The sunflower (Helianthus), called “sunyashnikiis” in Ukrainian, is the national flower of Ukraine. The bright yellow blooms are an integral part of its culture, heritage, and even its economy. Sunflowers were first imported from North America to Ukraine in the 1800s.
Throughout Ukraine’s history, the flower has been used as a symbol of peace. In June 1996, to celebrate Ukraine giving up nuclear weapons, U.S., Russian and Ukrainian defense ministers planted sunflowers in a ceremony at southern Ukraine’s Pervomaysk missile base.
It sounds so lovely.
Sadly, the sunflower has not always been a flower of peace. It is important that we learn history. During WWII, the sunflower, along with hemp and hay, was used to facilitate the burning of Ukrainian Jewish bodies after the Jews had been shot in the back and pushed into the trenches dug for their burial.
At Babi Yar (Babyn Yar) ravine northwest of Kiev, close to 34,000 Jewish men, women, and children were gunned down in two days. As many as two million Jews were killed with bullets and at associated massacres across former Soviet territory.

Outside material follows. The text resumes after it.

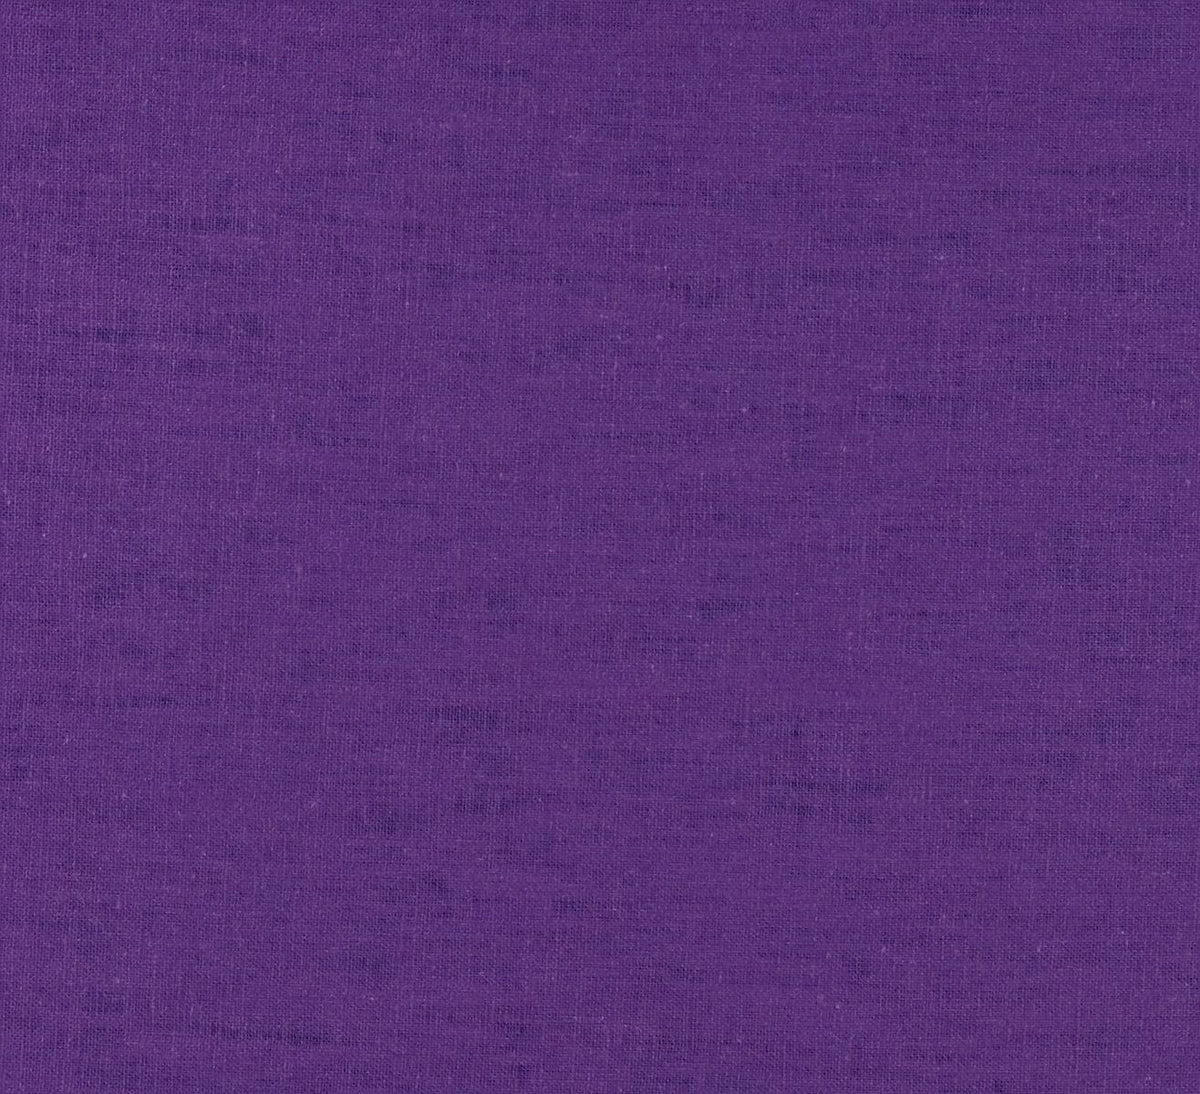 Night curtain violet Edda

I wrote about this in my book The Serpent and the Red Thread: The Definitive Biography of Evil. I learned about the horror of the slayings of Jews in Ukraine from Father Patrick Dubois’ book, The Holocaust by Bullets.
Sophia’s story
“They shoot old people and young children with the same emotion as swatting flies. The Germans throw grenades into the pit after shooting us because not all are dead. The Einsatzgruppen are well-trained for their work. And they have a great deal of experience. They have teenagers from the towns bring hemp and sunflowers to burn the bodies.
“Sunflowers, while the ground and the rivers and springs of water turned to blood. We are drinking death as you drink water or air, mouth open, eyes closed, fingers clenched.
“The moaning and groaning, the gasps, as the wretched try to claw their way through the bodies, the sand, the blood and urine and feces, to fight for one more breath. Finger nails torn off as hands scratched the earthen walls, desperately trying to get out, to find air, to breathe.
“The pits breathed for three days. It took three days of writhing and twisting, eternal tortures moaning and movement before the pit settled into silence. That’s how long it took for all to die, suffocating under the bodies of others, covered in two to three metres of sand. Then, they would not cry out to the world again.”
And today, the sunflower is the symbol of peace.
From the Ethics of the Fathers: “Rabbi Tarfon used to say, it is not incumbent upon you to complete the task, but you are not exempt from undertaking it.”